Additional points made by Paul Allen:


In general, the designated use of sidewalks (as a signed shared facility) for bicycle travel is unsatisfactory. (See Undesirability of Sidewalks as Shared Use Paths, AASHTO Green Book, page 58.) It is important to recognize that the development of extremely wide sidewalks does not necessarily add to the safety of sidewalk bicycle travel, since wide sidewalks encourage higher speed bicycle use and increase potential for conflicts with motor vehicles at intersections, as well as with pedestrians and fixed objects....

Sidepaths are located where sidewalks usually are, and are used as sidewalks. The distinction which the Guide makes between sidewalks and sidepaths is largely academic. . . .

One goal of building trails is to provide a pleasant, quiet and scenic recreational bicycling experience. This goal is much better served by trails away from roads. . . .
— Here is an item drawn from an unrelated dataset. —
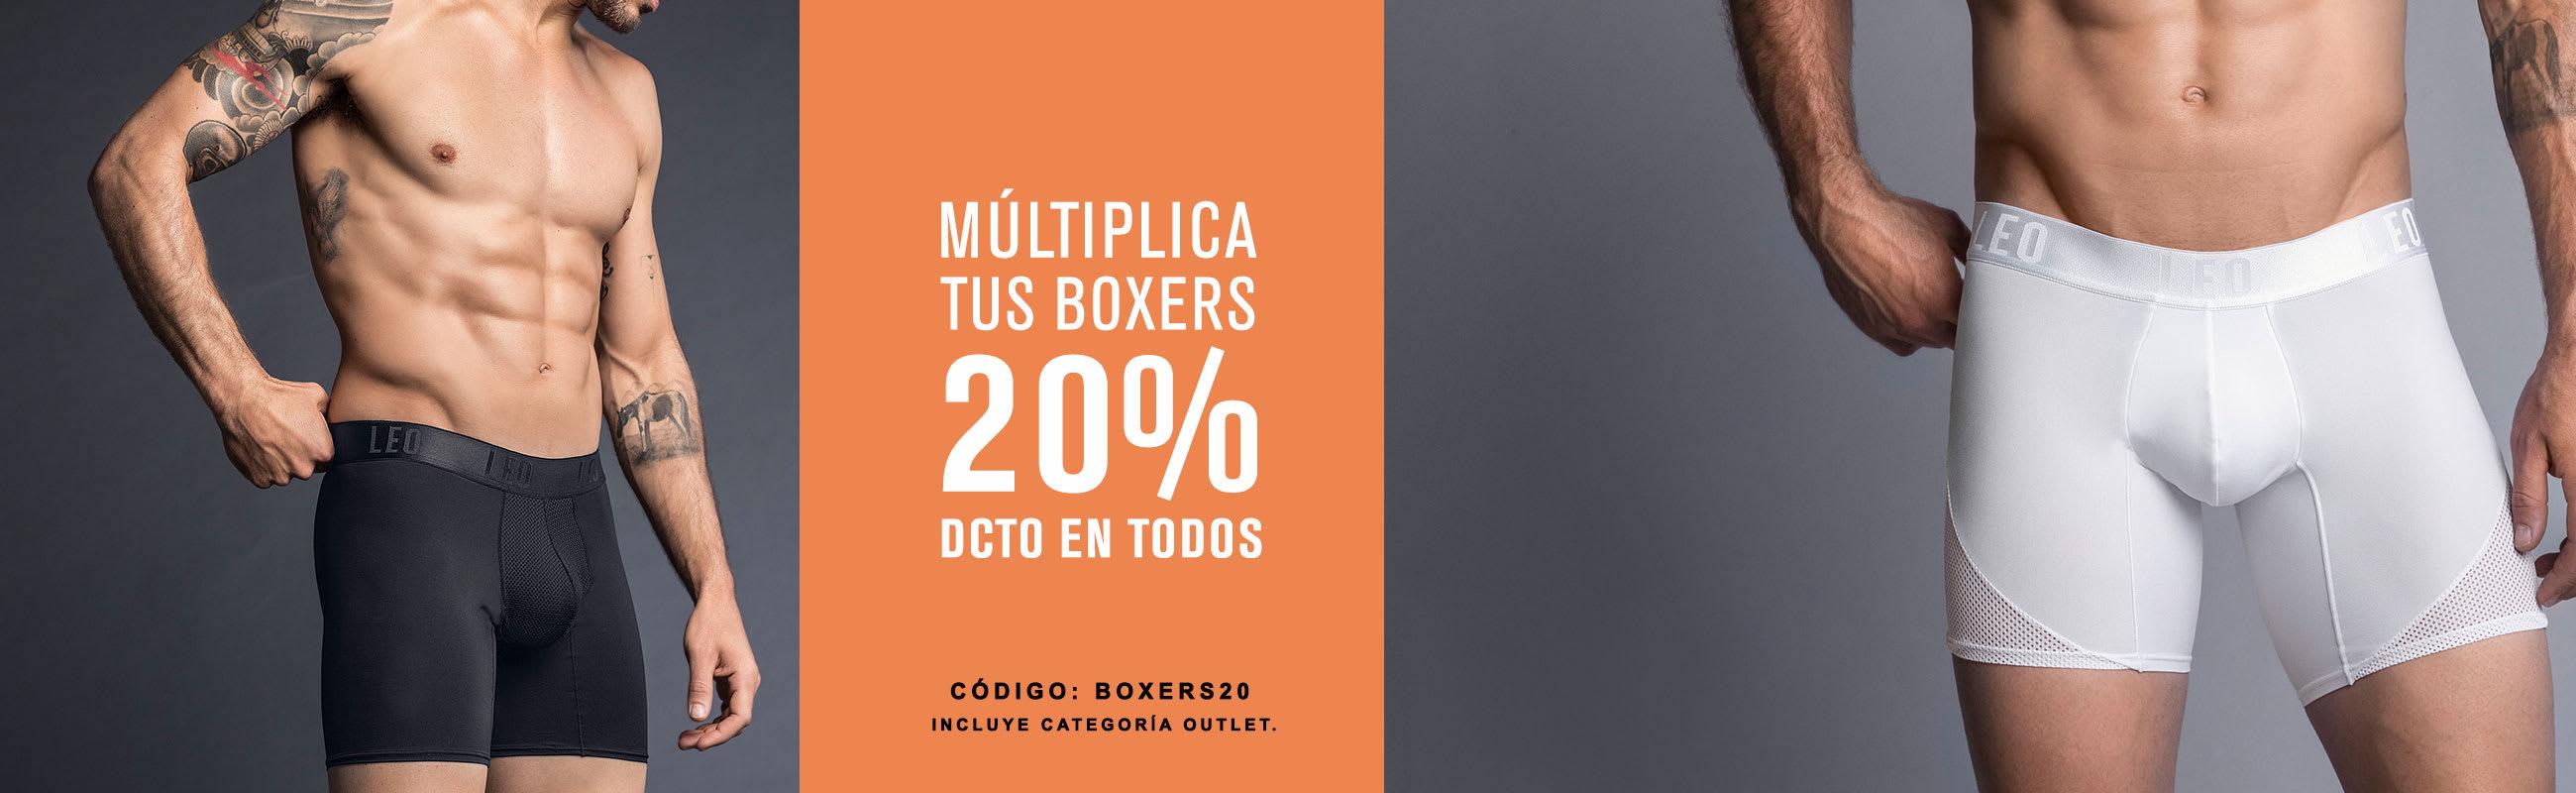 20% DCTO en Boxers

Again, the reason experienced bicyclists are so insistent on these points is because they exactly correlate with our direct experience in using these facilities. They are dangerous for the reasons given. They do have the conflicts exactly as described, especially at driveways and intersections. They do encourage motorist harassment of bicyclists who choose to use the roadway because they know it is legal, safer and also much faster and more convenient. Study after study has shown that the "sidepaths" are more dangerous and inadvisable.

Many communities and states have gone down the path of installing the sidepaths as a matter of course, only to be hit with liability lawsuits and studies showing that the injury and death rates are much higher on the sidepaths. Then these communities and states have moved away from providing this sort of sidepath and into the mainstream of bicycle accommodation--which is on-street bicycle accommodation in and along roadways, and good, well-designed trail facilities in those places--like rail corridors and streamways--where trails can be designed to truly avoid conflict with motorized traffic.

It is sad to see Kansas City moving down that same false course of assuming that installing these dangerous and obsolete sidepaths along roadways is a good and safe solution--and should become our "default" solution.

And then twenty or thirty years down the line what we are going to find when we do that is that same thing that every other community has found--they are not good facilities, they are not safe facilities, they do not encourage more bicycling or safe bicycling, and they create a serious liability problem.

And then we have to start over from the beginning and do it all the right way.